The vast majority of long-term property investors in Australia make money. That’s why our property market, which is now valued at more than $11 trillion, is the greatest source of wealth for Australian household – it’s worth more than the value of the share market, commercial property market and superannuation pool combined.
But not every property owner is a successful investor. The difference between successful investors and “the rest” comes down to three key factors:
- Where they buy
- What they buy
- When they buy
Most investors spend their time scouring real estate websites looking for a property that has “cash cow” written all over it. The best investors spend their time trying to understand if now is a great time to buy and, if so, where is the best place to buy “right now”.
As we navigate through this year, the political and global economic landscapes are clouding the crystal balls of property investors across the country. Here, we take a look at what is driving the market and how one of the biggest issues affecting Australia, the global tariff wars started by the US, will play out in our property market.

The Impact of Tariffs on the Property Market
The biggest story of 2025 so-far is Donald Trump’s tariffs and the fear that introduction of these trade barriers will create global economic turmoil. While newspapers love to talk about tariffs and share market crashes, the impact of tariffs is quite complex and not easily translated into an attention-grabbing headline.
Here’s a brief summary of how US tariffs will impact the Australian market.
- Tariffs are a Tax on US Importers, not Australian Exporters: Tariffs are essentially a tax on importers, which means that American importers pay more for goods, including Australian exports like iron ore and wine. This increased cost can lead to higher prices for US consumers, which makes imports less competitive and can force suppliers to lower their prices to remain competitive.

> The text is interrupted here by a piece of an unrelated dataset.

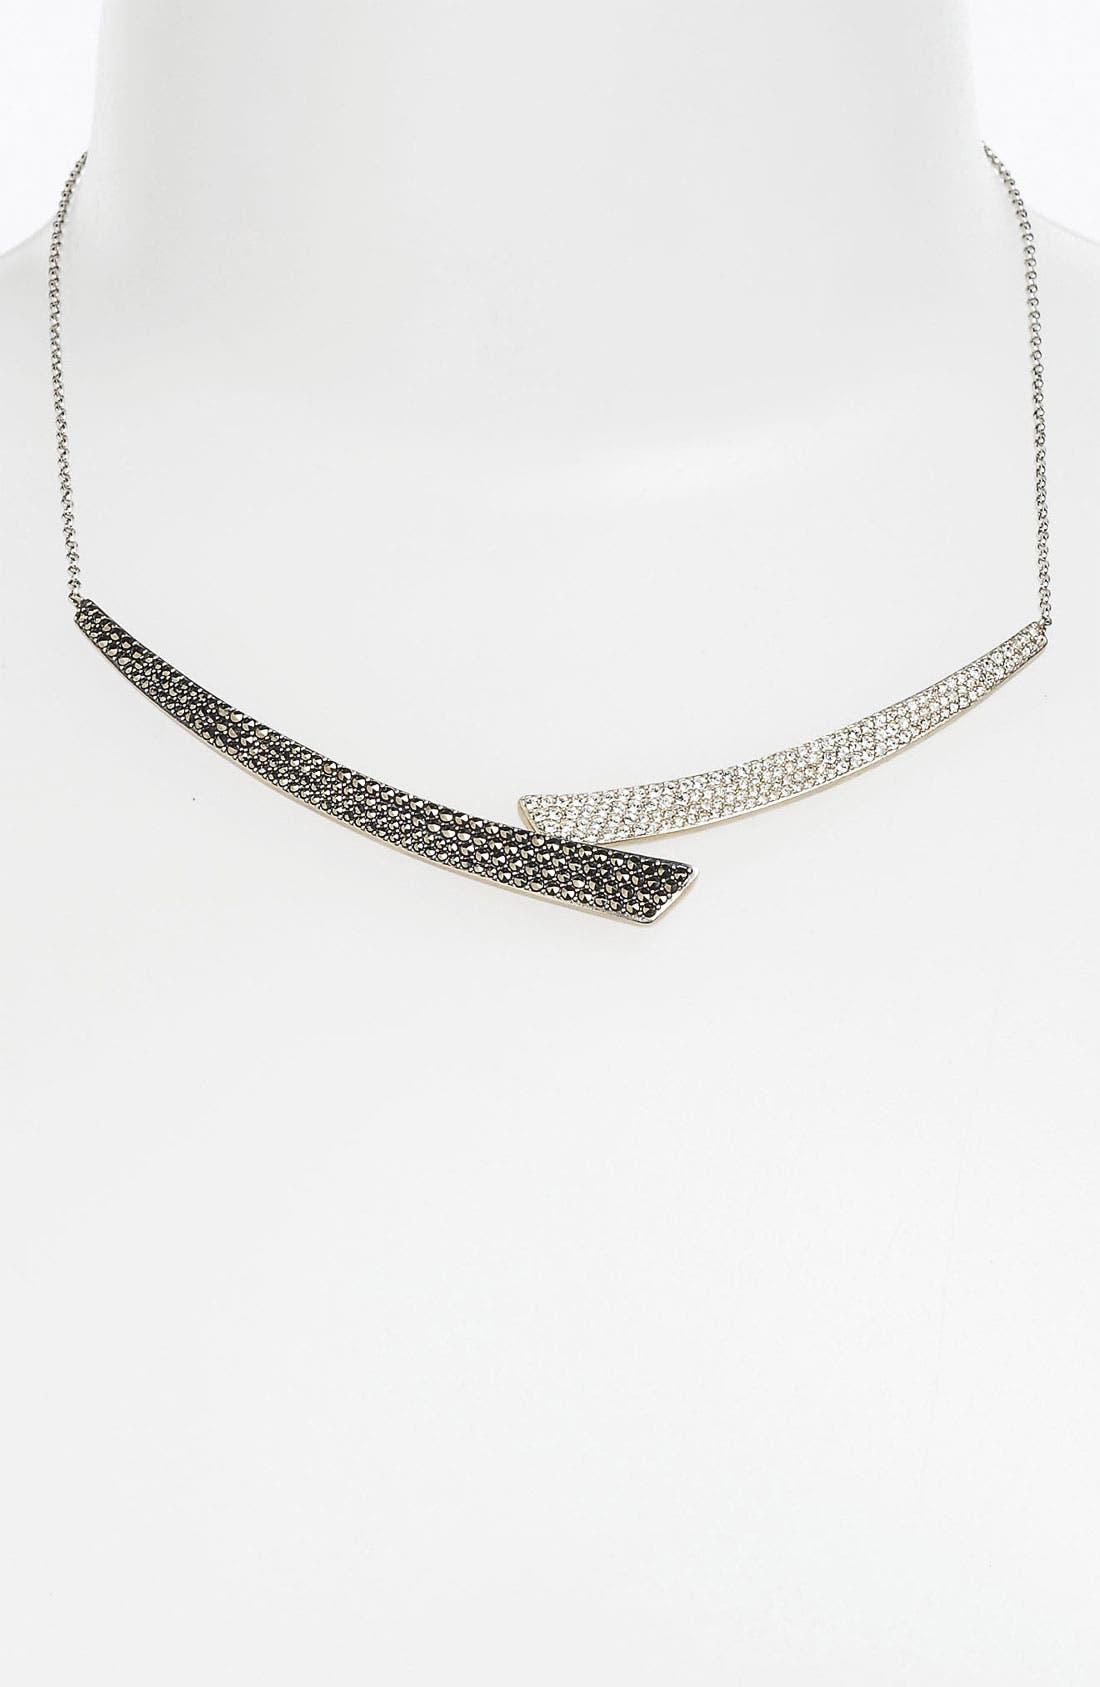 Alternate Image 1 Selected - Judith Jack 'Crystal Glitz' Collar Necklace
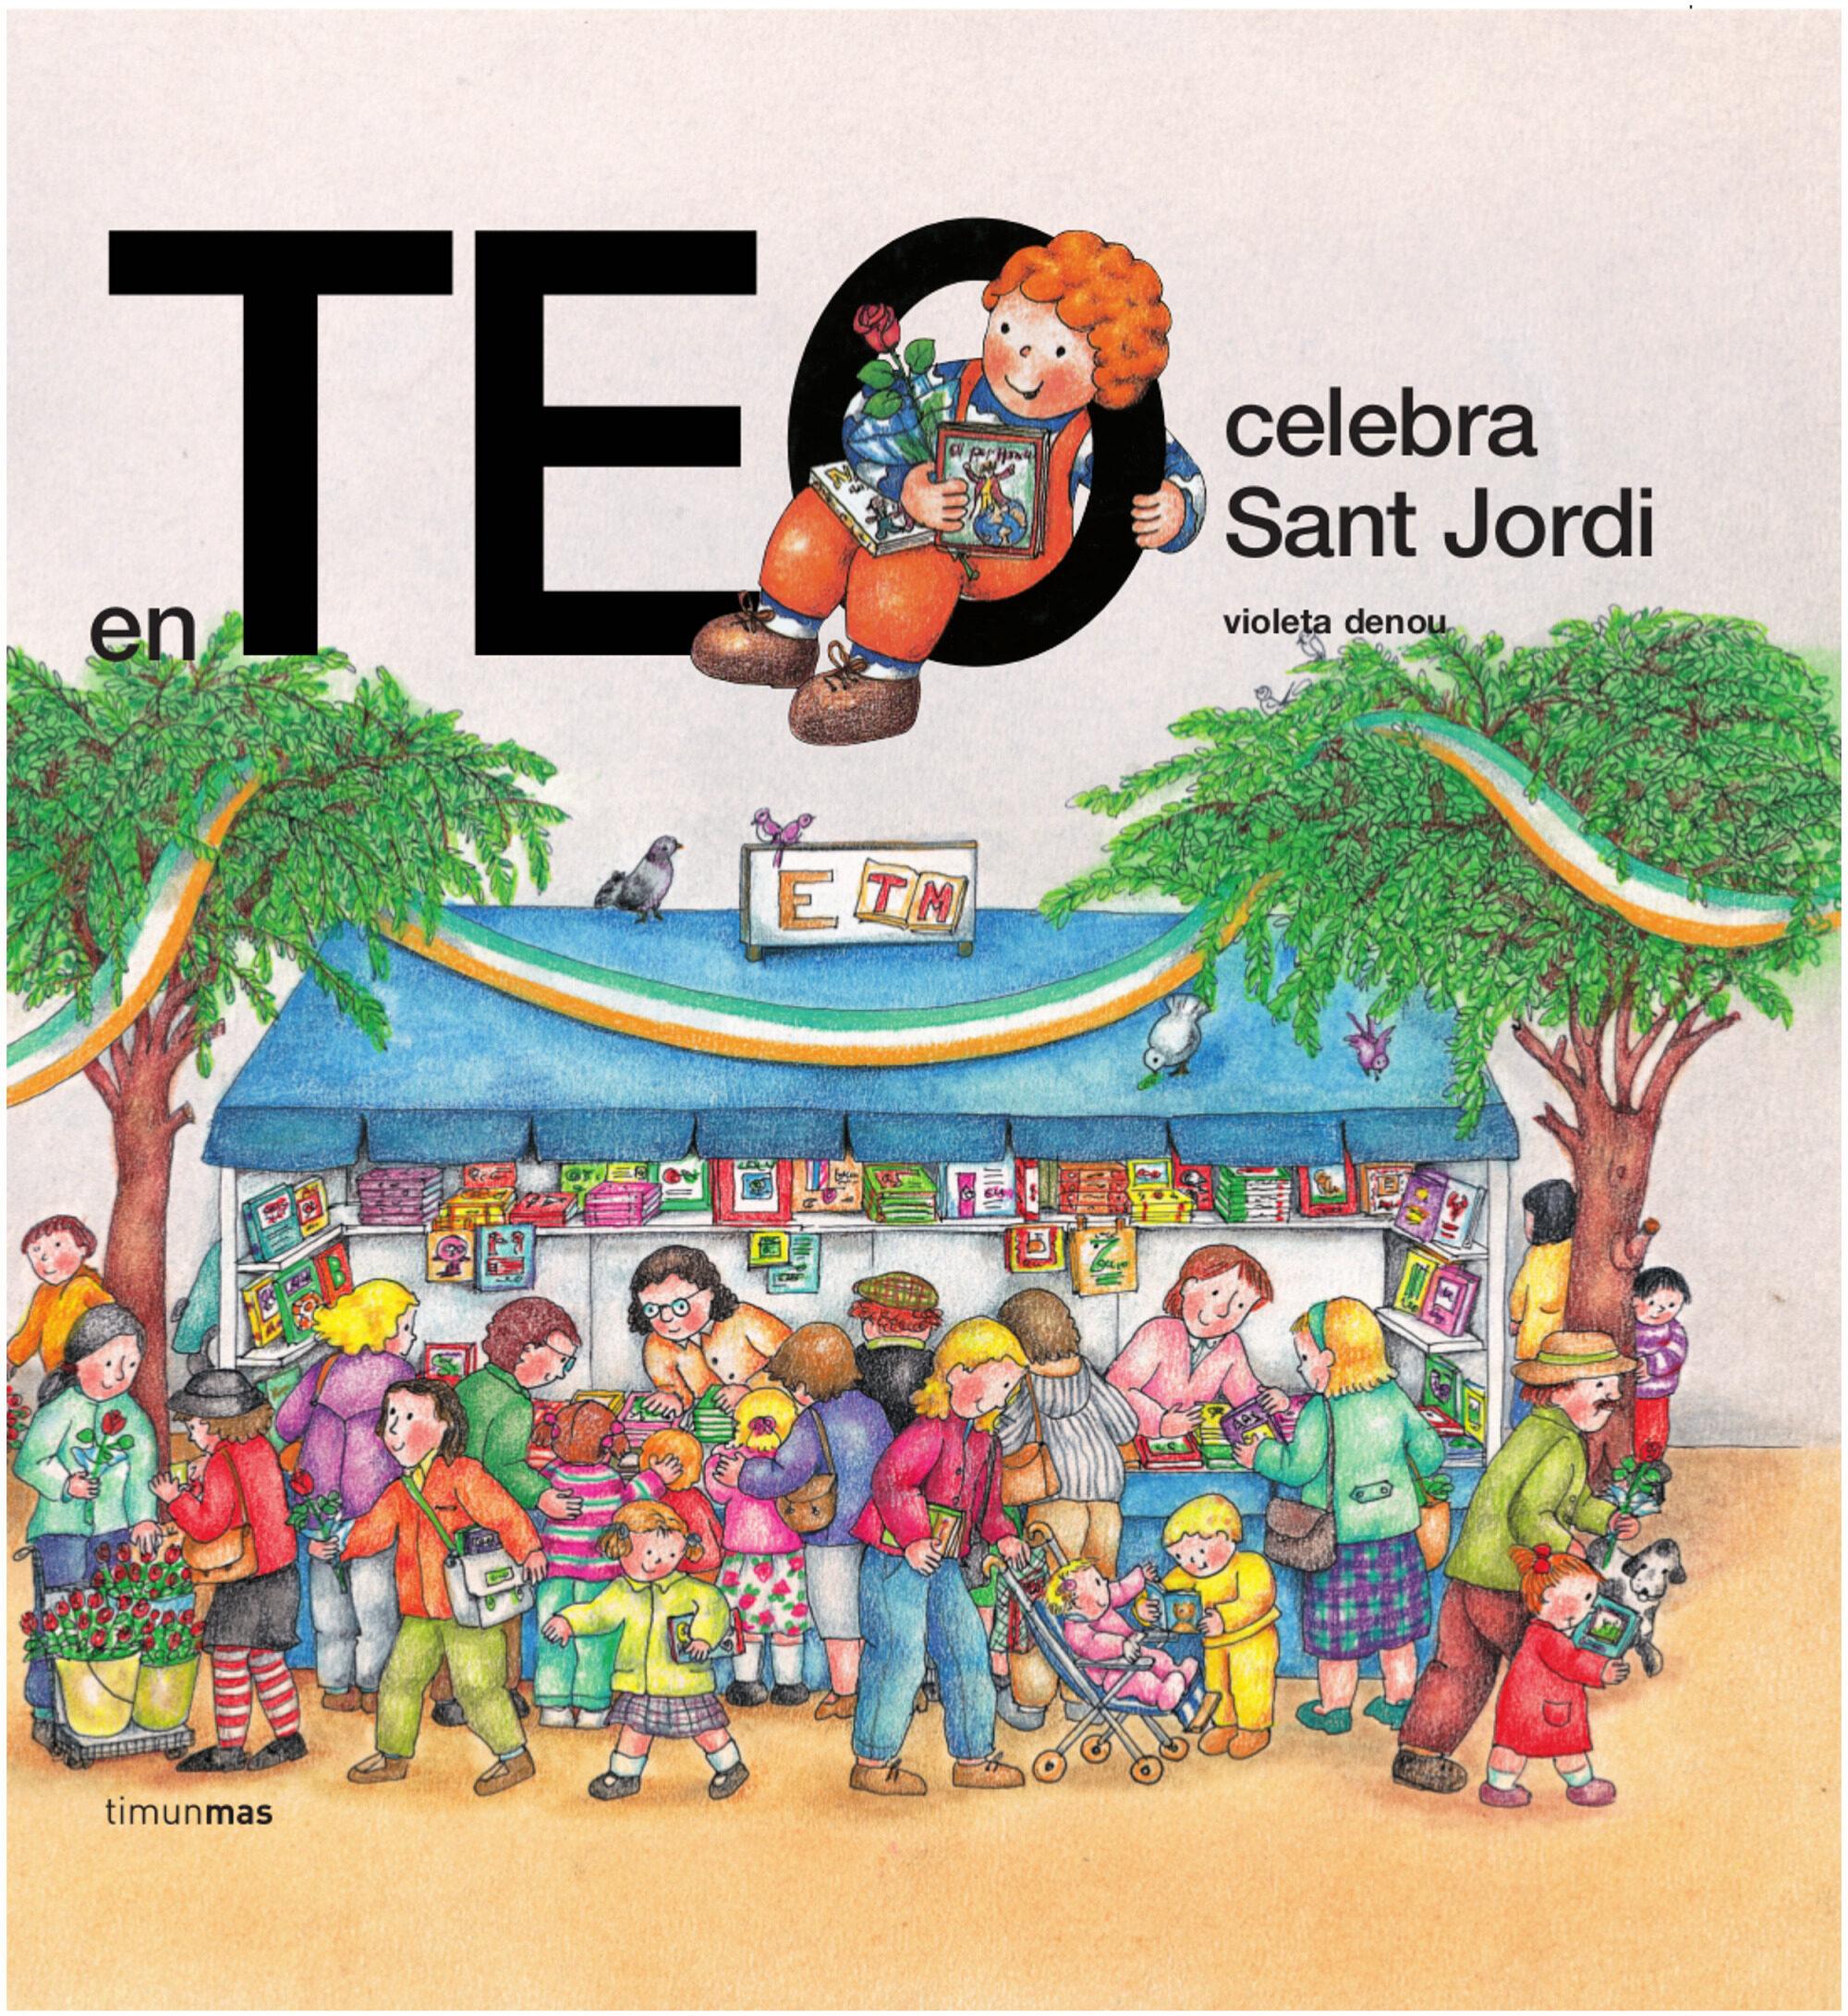 En Teo Celebra Sant Jordi Violeta Denou Comprar Libro 9788499324579

As US manufacturers often import raw materials and components from other countries to be finished in the US, those end-products will also increase as a result of the higher import costs.
- Flow-On Effects: If Australian exporters, along with those from other nations, face barriers to competition in the large US market, they can either reduce their cost and face lower profits, or they can direct their goods to local, or other overseas, markets. As Australia is a relatively small country our exports are unlikely to make a dent on global trade prices, but larger countries, like China, produce vast amounts of goods which could then become available in other markets, lowering the price of buying foreign-made goods in Australia and lowering inflation.
Lower inflation will open the door for lower interest rates, which will reduce the cost of servicing interest for the 3 million home owners with a mortgage. This will improve the savings rate of Australians and benefit the broader economy.
Lower interest rates will also improve affordability for people looking to enter the housing market, creating more competition for established house, pushing up prices and leading to an increase in home building activity.
- Opportunities in Uncertainty: Despite the challenges, periods of uncertainty often present the best opportunities for property investors. Historically, times of economic uncertainty have led to significant gains in the property market as policy-makers such as the RBA and Federal Government take measures to rebuild confidence in the economy. These measures take the form of lower interest rates and incentives for households to spend money – particularly in the housing market. That is why we recently saw both major parties offering substantial new handouts for first home buyers. What’s good for the housing market is generally good for the economy, and for politicians being re-elected.
Strategic Timing for Investment
One of the most critical insights from the successful property investors that I speak with every day is that the best times to invest are often during periods of uncertainty when market sentiment is low. This is also supported by our analysis of data.
In particular, when we look at recent periods of economic uncertainty (Covid lockdowns, the European Sovereign Debt Crisis, the GFC, September 11 terrorist attacks and the introduction of GST in Australia, being the key periods that come to mind), we see that the people who purchased property immediately after the initial uncertainty had subsided were the investors that made the most money. The two years following these events generally saw above-average growth.
Here are some key points to consider:
- Interest Rate Adjustments: In response to economic uncertainty, central banks often lower interest rates to stimulate the economy. This can increase borrowing capacity for property buyers, leading to higher property prices.
- Government Stimulus: Government policies aimed at boosting the economy, such as infrastructure investments and first home buyer incentives, can spark economic activity, improving the job market and increasing wages, create more favorable conditions for property investment.
Long-Term Growth: Despite short-term fluctuations, the Australian property market has consistently shown long-term growth. Investors who can navigate the uncertainty and make informed decisions are likely to reap significant rewards
Conclusion
As we move through 2025, staying informed about the political and economic landscape is essential for property investors. By understanding the implications of tariffs, and by strategically timing your investments, you can position yourself to take advantage of the opportunities that arise in times of uncertainty. Remember, the key to successful property investment is not just about what you buy, but when you buy it.